Stored dataset items
╭──

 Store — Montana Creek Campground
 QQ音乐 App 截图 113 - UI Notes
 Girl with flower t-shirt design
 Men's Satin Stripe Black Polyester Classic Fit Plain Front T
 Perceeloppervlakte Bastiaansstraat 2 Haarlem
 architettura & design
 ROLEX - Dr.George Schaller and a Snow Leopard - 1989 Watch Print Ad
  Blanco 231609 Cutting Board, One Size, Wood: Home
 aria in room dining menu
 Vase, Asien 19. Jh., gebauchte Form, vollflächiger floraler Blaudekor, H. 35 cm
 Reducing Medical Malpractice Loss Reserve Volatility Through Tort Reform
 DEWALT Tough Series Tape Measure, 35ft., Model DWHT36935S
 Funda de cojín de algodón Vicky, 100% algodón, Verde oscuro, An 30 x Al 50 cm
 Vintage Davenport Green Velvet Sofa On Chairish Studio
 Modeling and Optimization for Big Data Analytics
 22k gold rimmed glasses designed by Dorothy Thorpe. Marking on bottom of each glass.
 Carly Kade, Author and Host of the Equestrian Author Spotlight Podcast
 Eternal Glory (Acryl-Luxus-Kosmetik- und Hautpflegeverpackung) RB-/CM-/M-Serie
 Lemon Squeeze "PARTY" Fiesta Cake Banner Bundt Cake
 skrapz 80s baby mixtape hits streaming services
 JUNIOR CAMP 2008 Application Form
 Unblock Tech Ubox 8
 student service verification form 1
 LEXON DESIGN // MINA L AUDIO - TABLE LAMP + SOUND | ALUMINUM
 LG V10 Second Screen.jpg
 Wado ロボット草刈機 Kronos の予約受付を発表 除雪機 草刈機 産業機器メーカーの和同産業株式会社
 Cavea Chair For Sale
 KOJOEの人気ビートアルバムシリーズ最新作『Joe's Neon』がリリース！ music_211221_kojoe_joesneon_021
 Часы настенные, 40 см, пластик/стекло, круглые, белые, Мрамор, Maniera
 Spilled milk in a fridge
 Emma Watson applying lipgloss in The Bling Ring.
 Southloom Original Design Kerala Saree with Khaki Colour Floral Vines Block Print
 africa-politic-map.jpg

╰──

Task directions
Copy the records above exactly, starting at the line that contains "Banner Bundt Cake" and ending at the last line, and leave out all earlier lines.

Solution to this exercise
 Lemon Squeeze "PARTY" Fiesta Cake Banner Bundt Cake
 skrapz 80s baby mixtape hits streaming services
 JUNIOR CAMP 2008 Application Form
 Unblock Tech Ubox 8
 student service verification form 1
 LEXON DESIGN // MINA L AUDIO - TABLE LAMP + SOUND | ALUMINUM
 LG V10 Second Screen.jpg
 Wado ロボット草刈機 Kronos の予約受付を発表 除雪機 草刈機 産業機器メーカーの和同産業株式会社
 Cavea Chair For Sale
 KOJOEの人気ビートアルバムシリーズ最新作『Joe's Neon』がリリース！ music_211221_kojoe_joesneon_021
 Часы настенные, 40 см, пластик/стекло, круглые, белые, Мрамор, Maniera
 Spilled milk in a fridge
 Emma Watson applying lipgloss in The Bling Ring.
 Southloom Original Design Kerala Saree with Khaki Colour Floral Vines Block Print
 africa-politic-map.jpg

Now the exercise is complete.